_What is being asked_. When you copy the data, keep every line exactly as written and skip the pictures.

_Provided material_.
^^^^^^^^^^^^^^^^

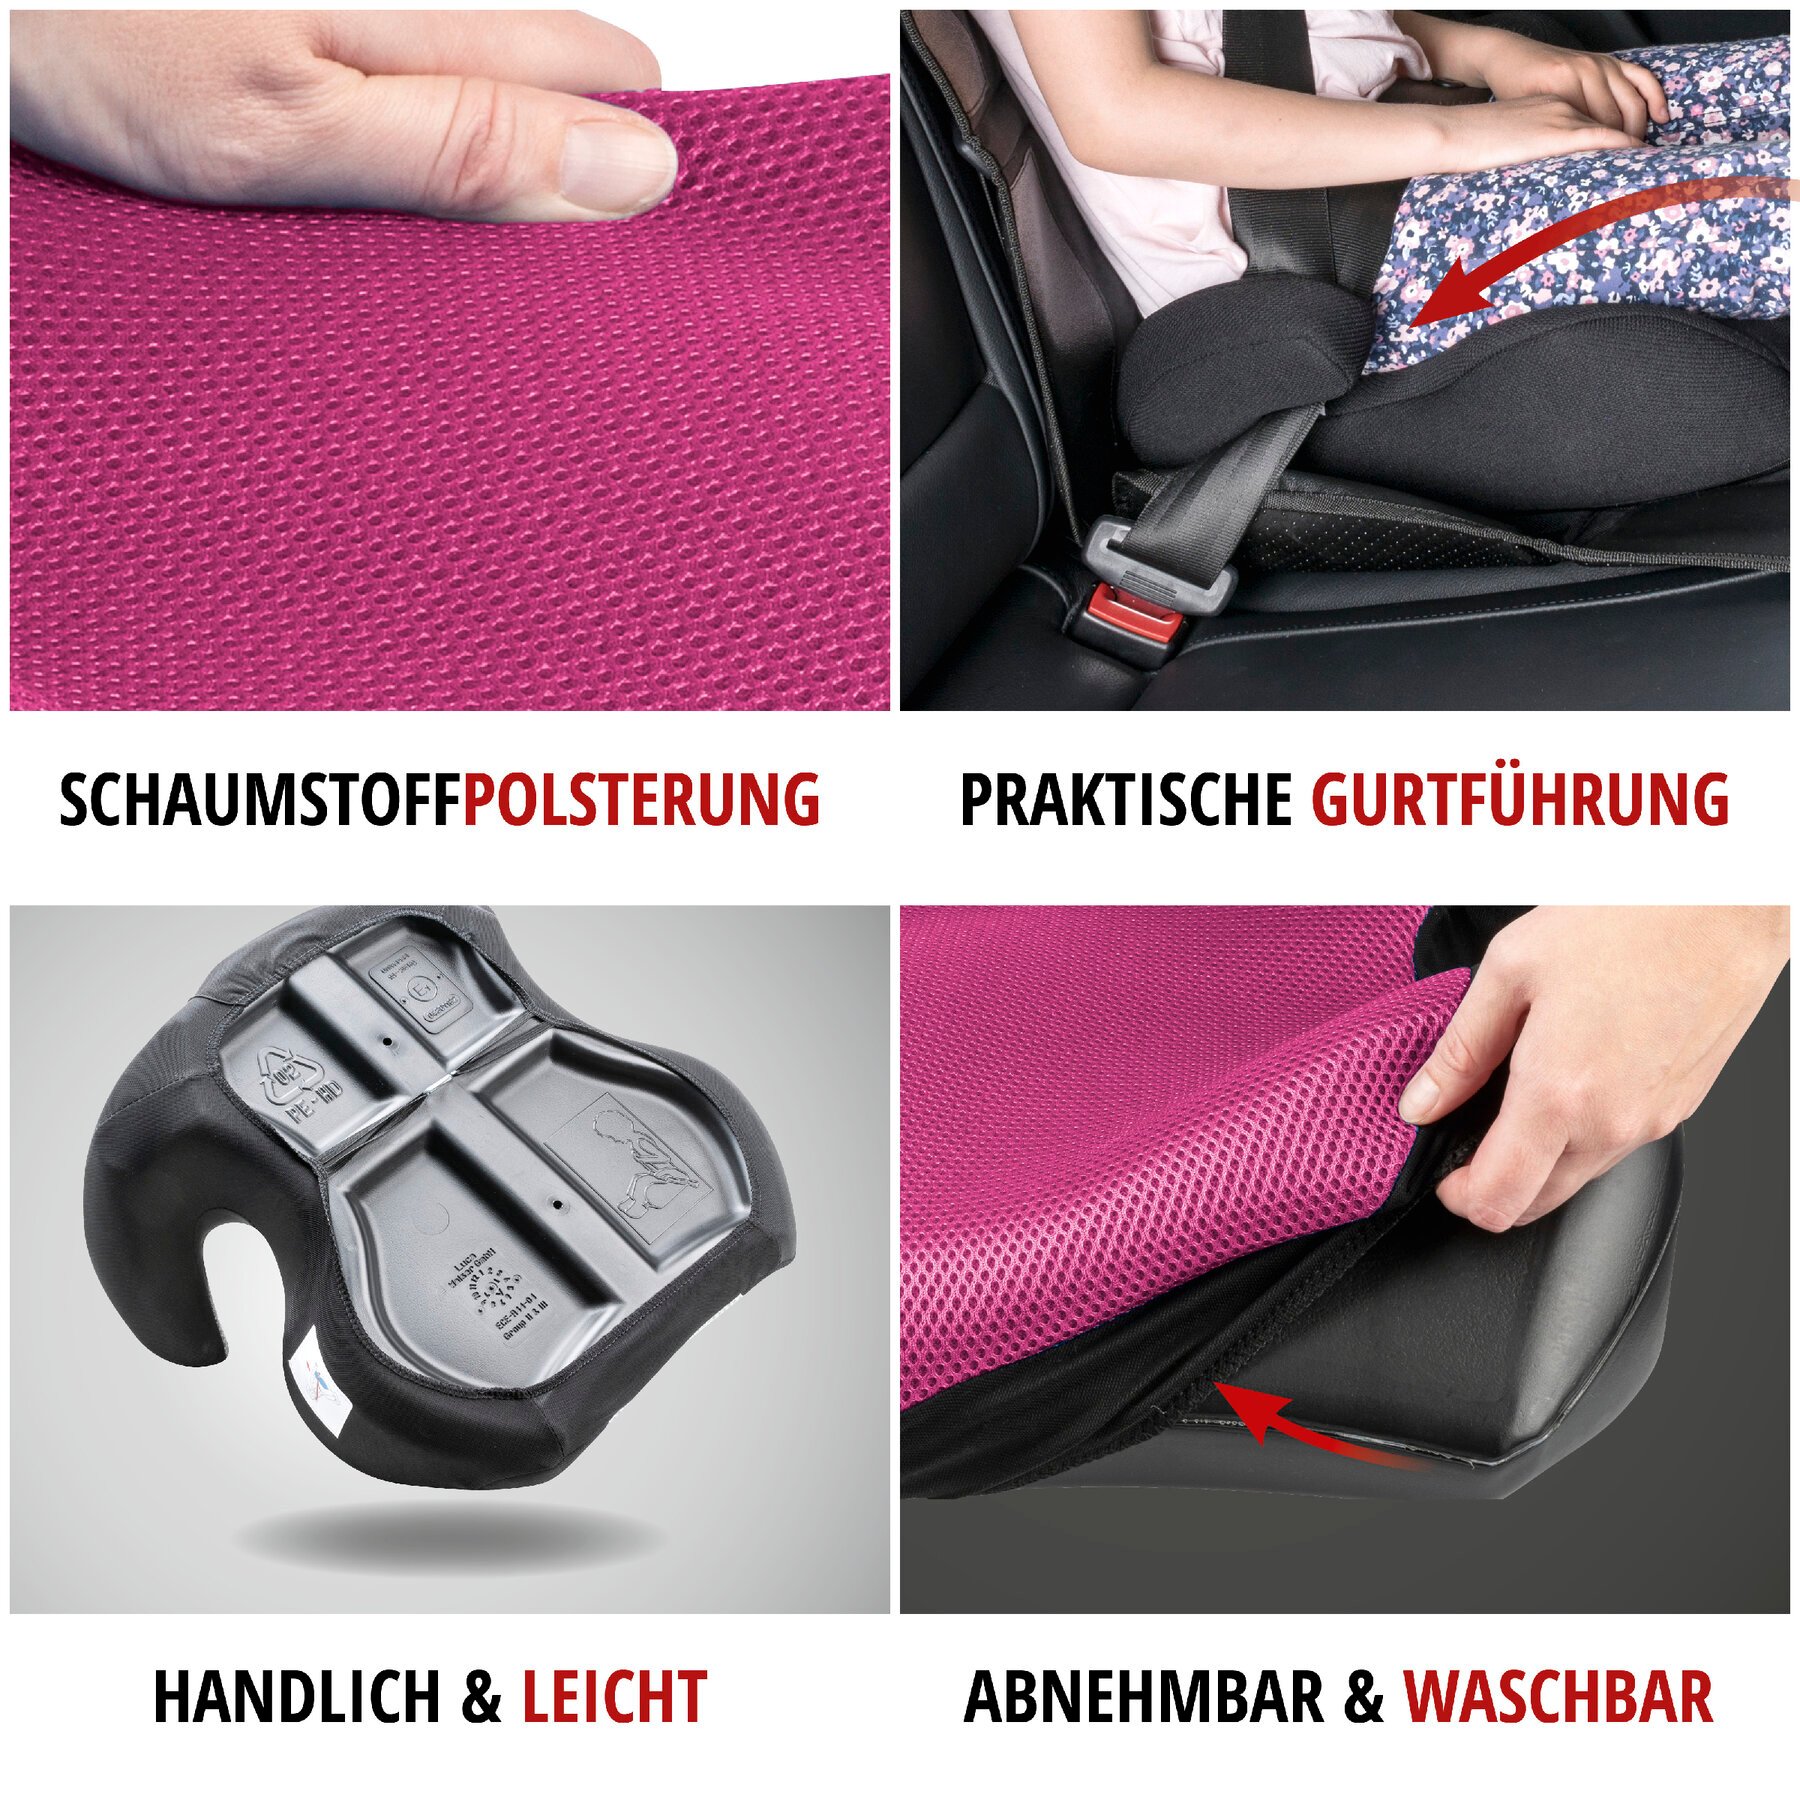 Kindersitzerhöhung Lino, Auto-Kindersitz ECE 44/04 geprüft schwarz/rosa
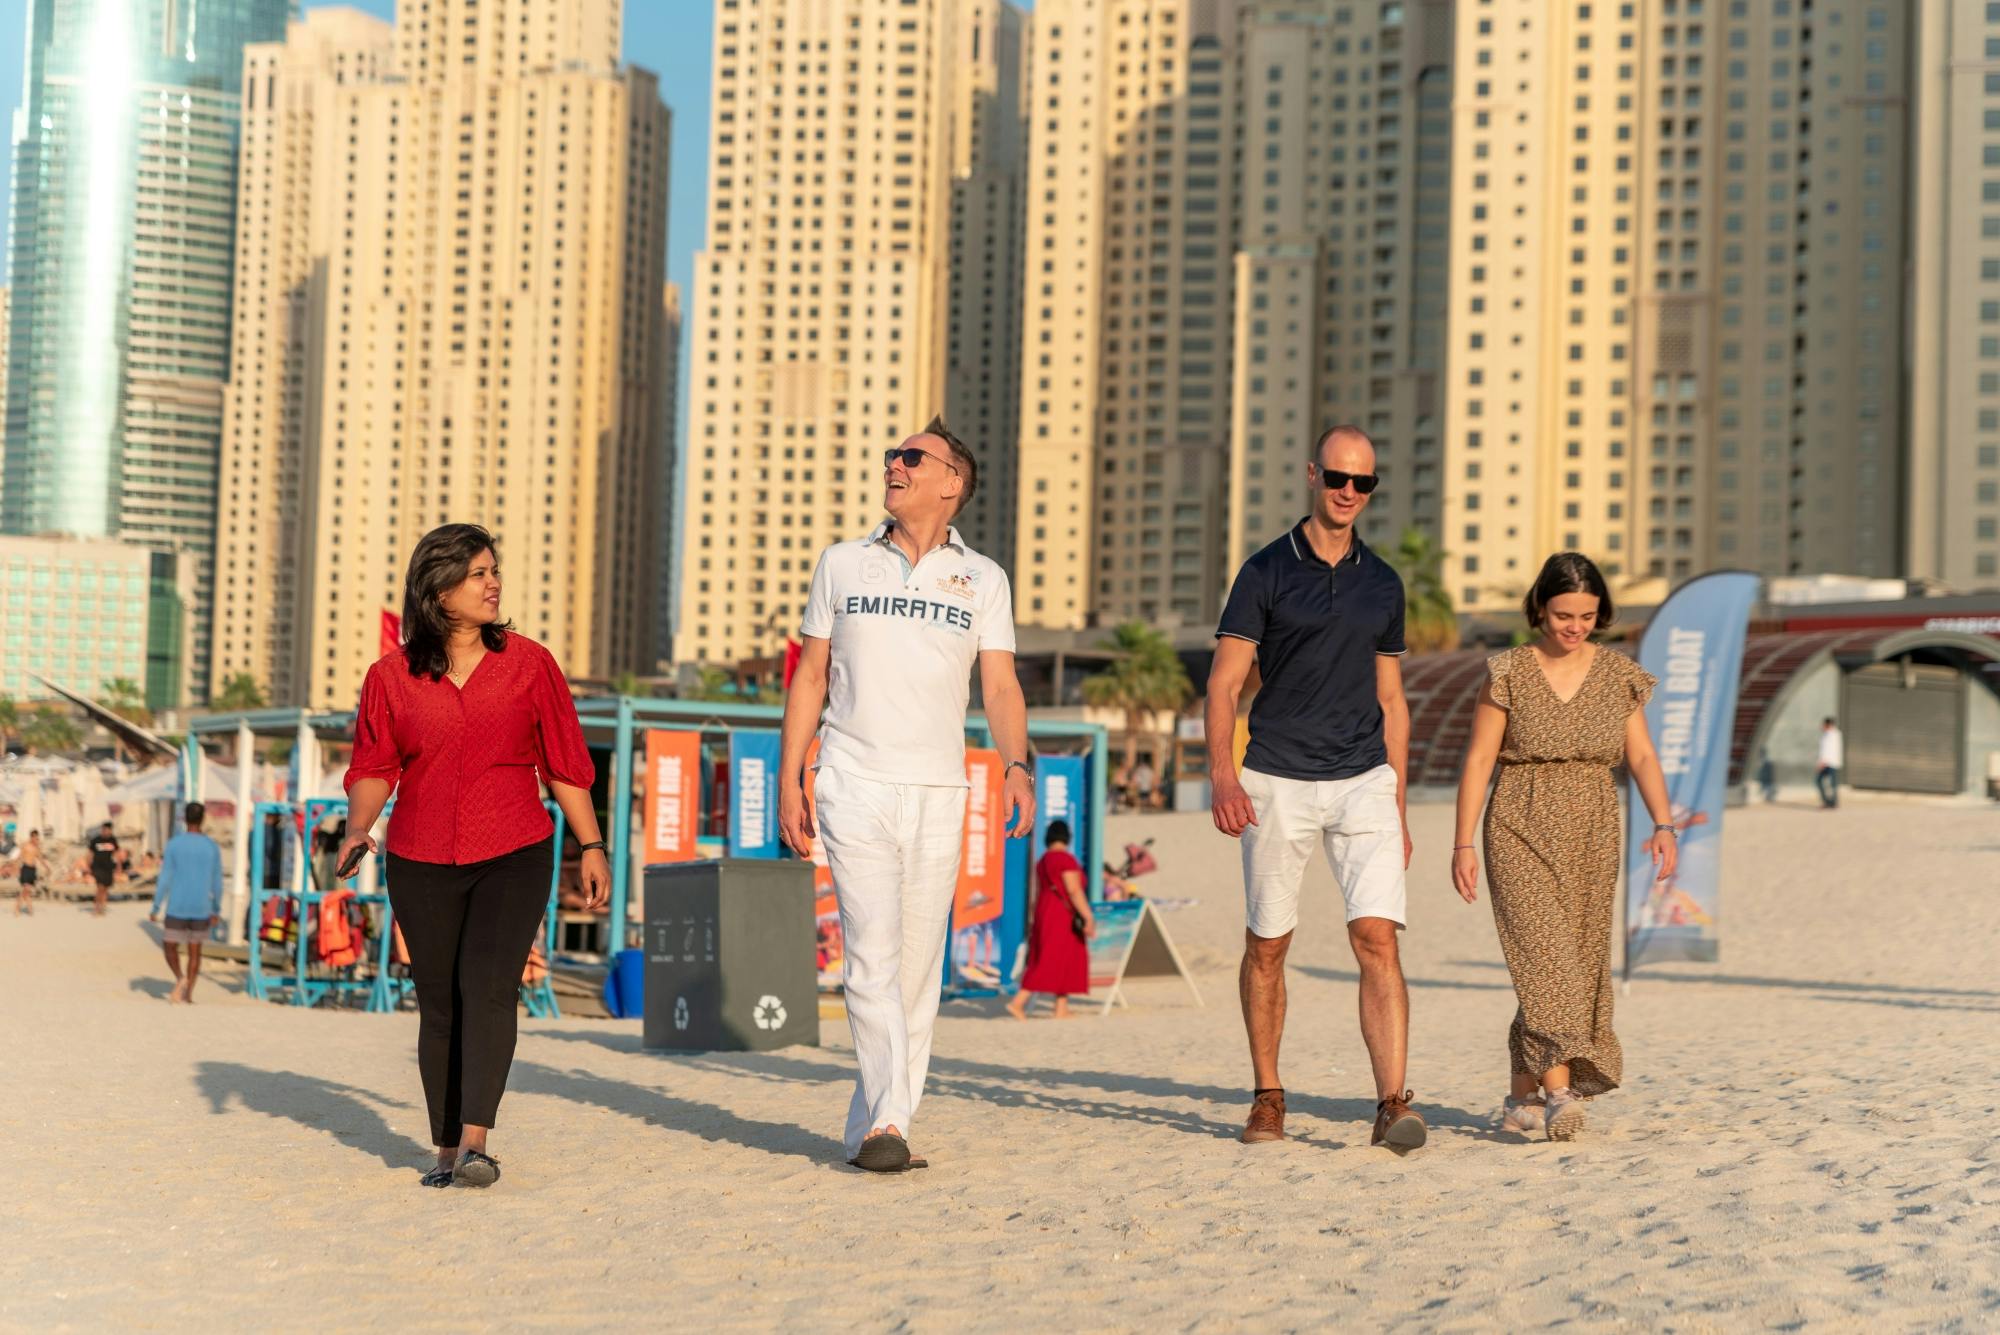 Geführter Rundgang durch Dubai Marina mit Verkostung
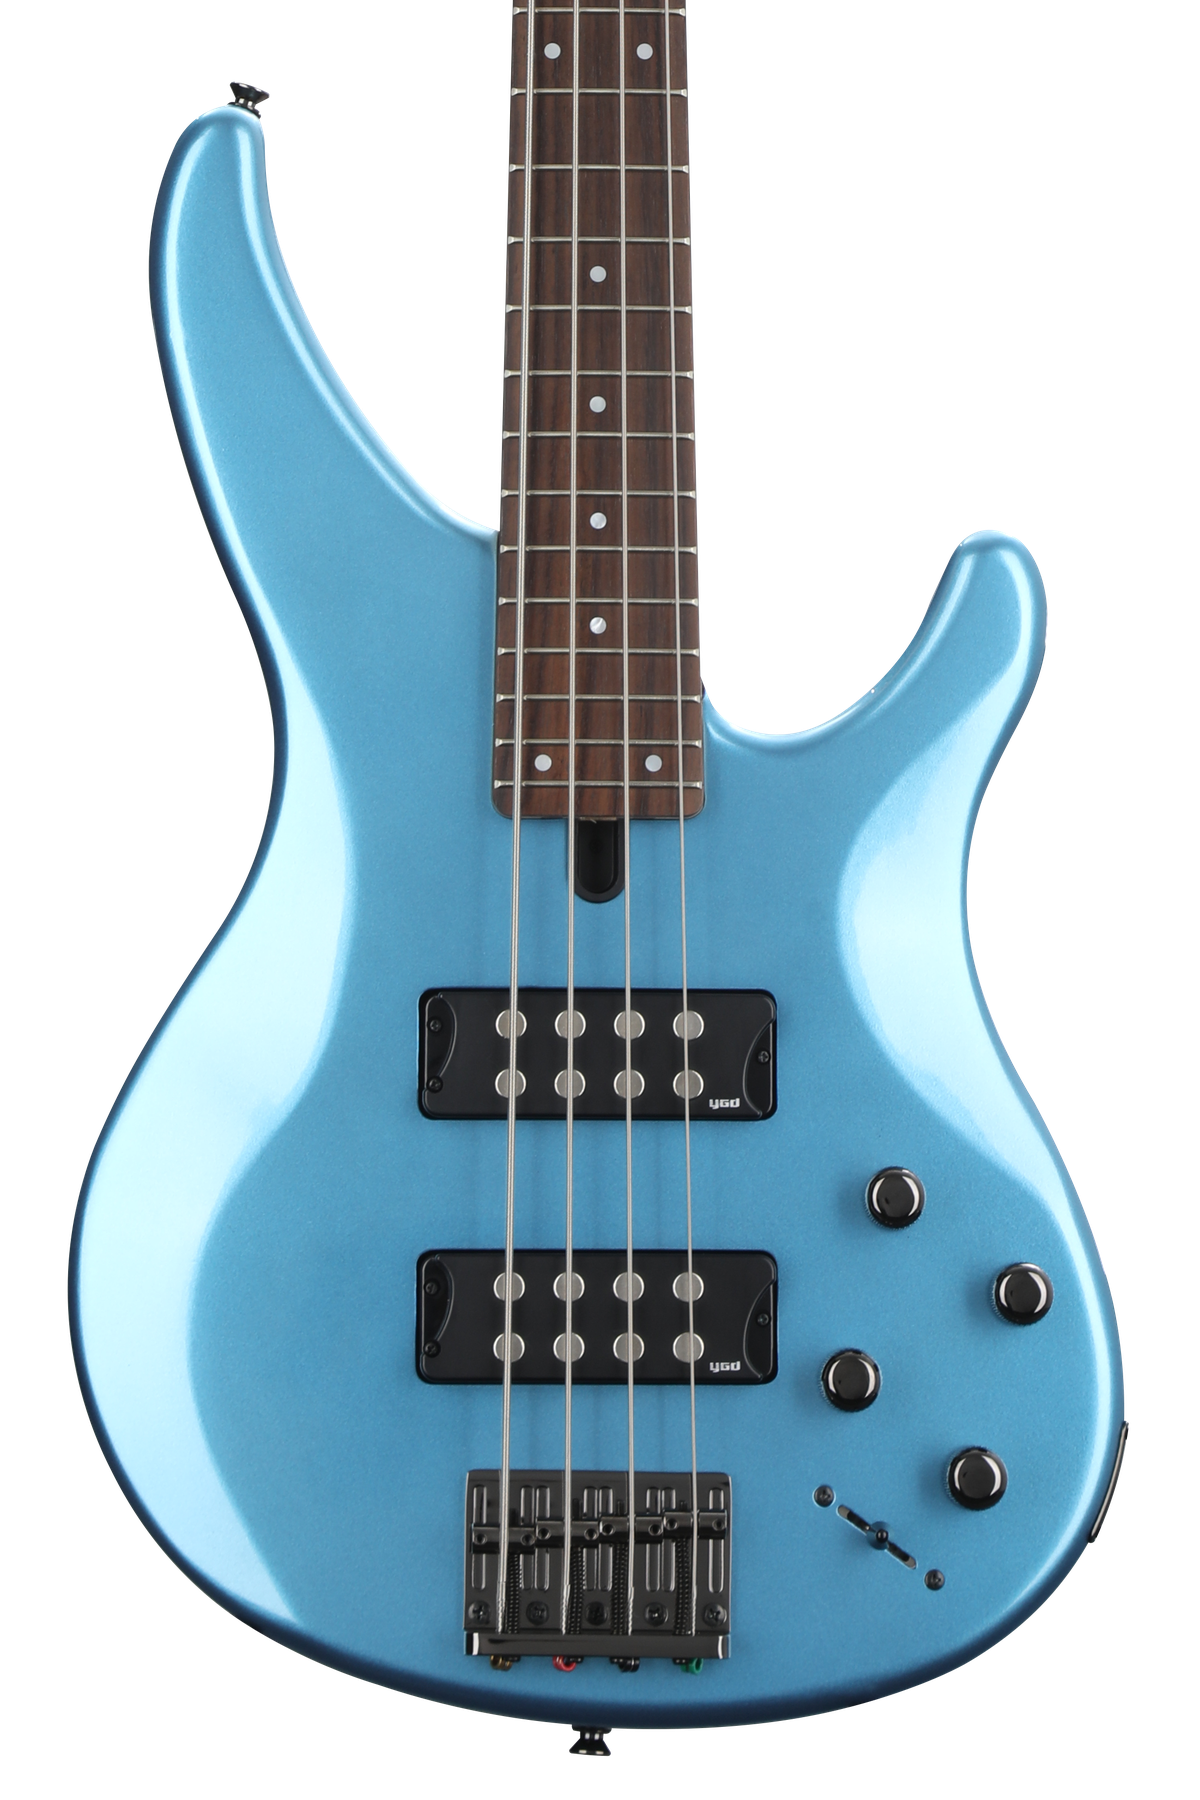 Yamaha TRBX304 Bass Guitar - Factory Blue | Sweetwater
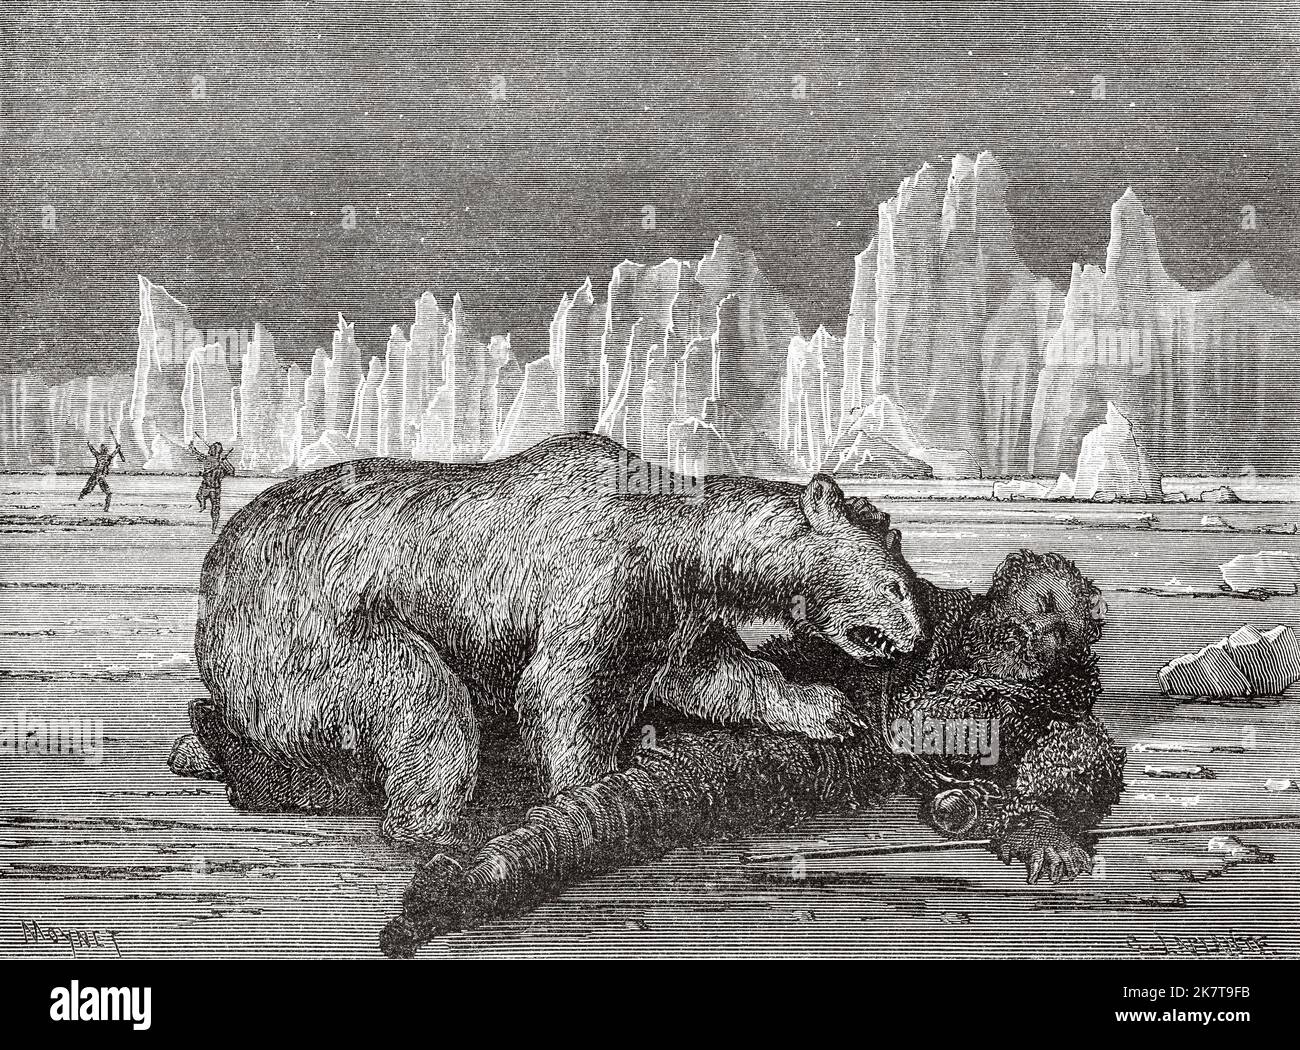 Dr. Borgen wird von einem Eisbären angegriffen. Zweite deutsche Expedition zum Nordpol mit den Schiffen Germania und Hansa, 1869 Stockfoto

^^^^^^^^^^^^^^^^

_Output below_.
 Kindersitzerhöhung Lino, Auto-Kindersitz ECE 44/04 geprüft schwarz/rosa
 Geführter Rundgang durch Dubai Marina mit Verkostung
 Yamaha TRBX304 Bass Guitar - Factory Blue | Sweetwater
 Dr. Borgen wird von einem Eisbären angegriffen. Zweite deutsche Expedition zum Nordpol mit den Schiffen Germania und Hansa, 1869 Stockfoto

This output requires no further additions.